Despite his boss' disinterest, Tennant never stopped mulling over the pesky lizard. So when he eventually flew the coop and started Tomfoodery, he was determined to develop the perfect green iguana recipe.
"Like with the lionfish, I wanted to make it more approachable for people. If other cultures eat it, why can't we?" he explains. "First I tried a deep fry, treating it like chicken wings. It was good, had a bit of chew to it, maybe a little tough but it tasted like chicken. The problem is that sizes vary—I can order chicken thighs all be the same size, but I can't do that with iguana."
"So I was like, 'Well, let me have a think.' I could stew it, but I wanted to do something more interesting. There was obviously braising, and then there was confit, cooking something submerged in fat for a long period of time at a low temperature. The result was surprisingly good."
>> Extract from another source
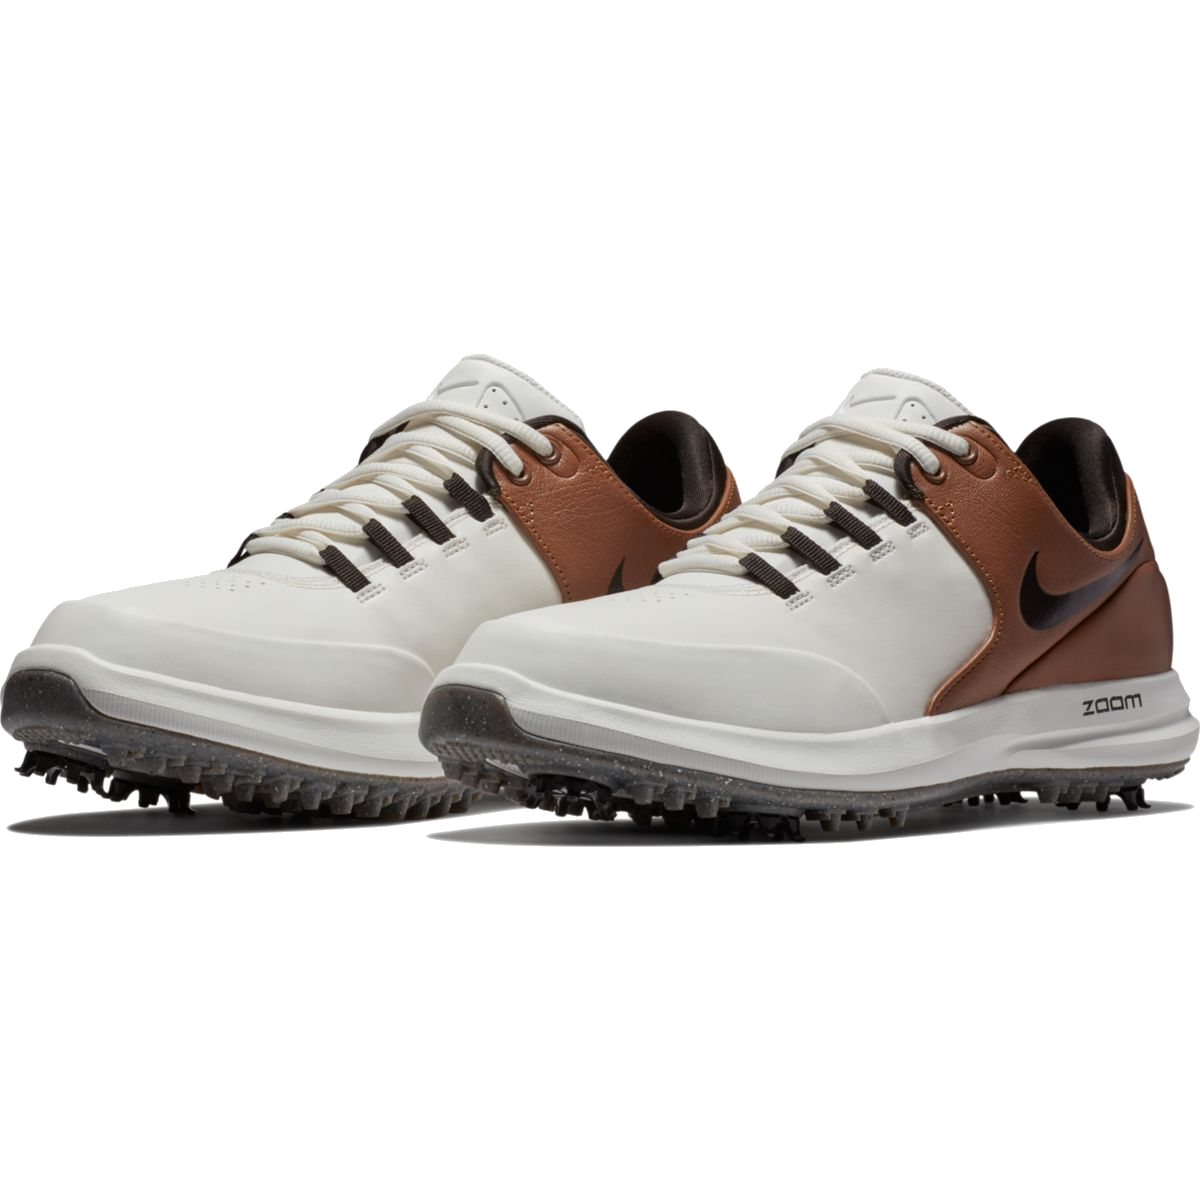 nike men's air zoom accurate golf shoes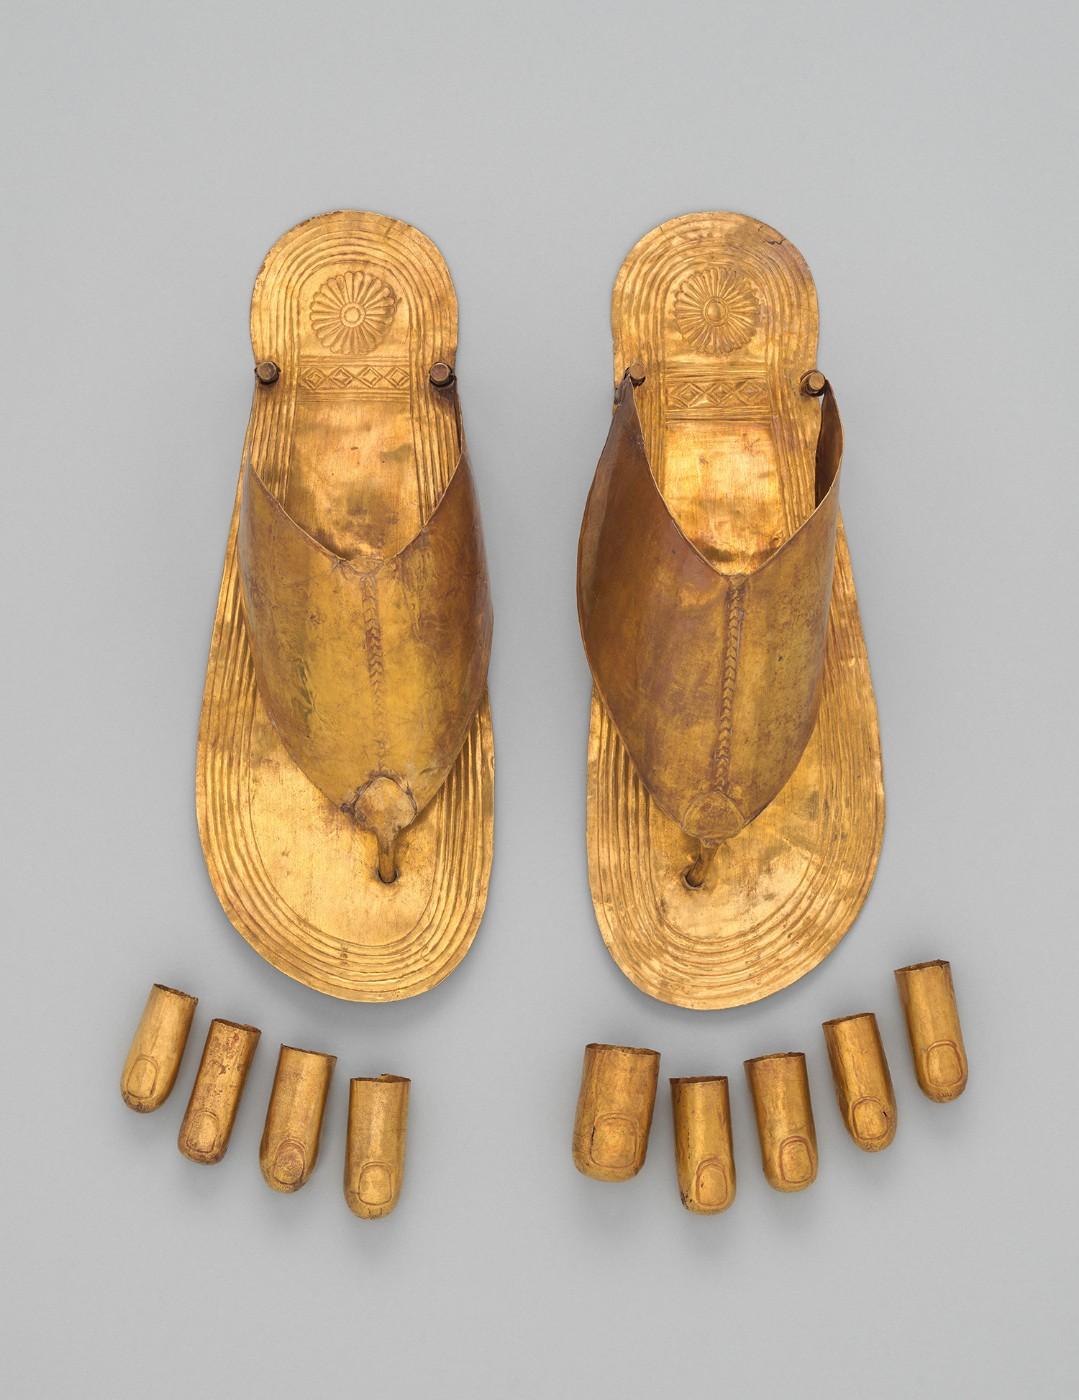 Gold Sandals and Toe Stalls. Egyptian, reign of Thutmose III, ca. 1479–1425 B.C.

Tennant gets the bulk of his meat from a Cayman supplier called Spinion. The company was originally founded in 2012 as a lionfish exporter, but a lengthy approval process left them space to branch out into green iguanas. Since August, 2018, Spinion has been euthanizing iguanas purchased from area trappers, processing the meat, and shipping it to the U.S., Mexico, and Central America. Meanwhile, the DOE has separately amped up its own control efforts. In October 2018, the government kicked off an island-wide cull, offering licensed hunters cash in exchange for dead iguanas. According to Cayman Compass, a local newspaper, the cullers wiped out about a quarter of the population within the first two months and are well on their way to their target goal of 1.3 million by the end of the year. However, Tennant thinks the current system could use improving.
"The government has a budget to cull these iguanas. The DOE started at two dollars an iguana for shoot and catch, then they went to four, and now five, but they're just going to the landfill and dumping them," he says of the agency's tactics. "Spinion, they have to receive the iguana live and treat it like a livestock. Even though they're offering seven dollars, it's a pain in the butt to bring a live iguana—they don't go down without a fight and their tail whip is really strong. When you get a big one, you're like 'Aw, man. Might as well just shoot it and get the five dollars.'"
In addition to sourcing from Spinion, Tennant is also working directly with one of these cullers. He sees this type of relationship as the most practical and economically sustainable way forward for all parties.
"The only cookable parts are the legs and tail, so what I've done with one culler is treated it like a fish," he continues. "Shoot the iguana, then cut off its legs and tail and put those on ice. Take the body and head to the government, show that you shot it, get your five bucks, and then make some more money selling me the parts I need. Right now I'm working with the Terrestrial Department trying to figure out a solution that will benefit everyone."
While things come together, Tennant is continuing to showcase his reptilian masterpieces at festivals, pop-ups, cooking classes, and other catered events around the Caribbean under the Tomfoodery brand. He's also planning to purchase and man his very own food truck later this year (according to him, it'll be the first in the world to serve iguana). As for adding other uninvited creatures to the bill, he's open to the idea but acknowledges that rillettes aren't always the most appropriate solution.
"Right now I'll tackle these two, and if something else pops up for the good of the island, let's do it," he says. "Some of invasives you can work with, and some you can't—you can only combat them in certain ways. The damselfish is invasive, but it's very small and you really can't eat it. I was told by the Department of the Environment that cats and dogs are invasive. Humans are invasive, too, you know."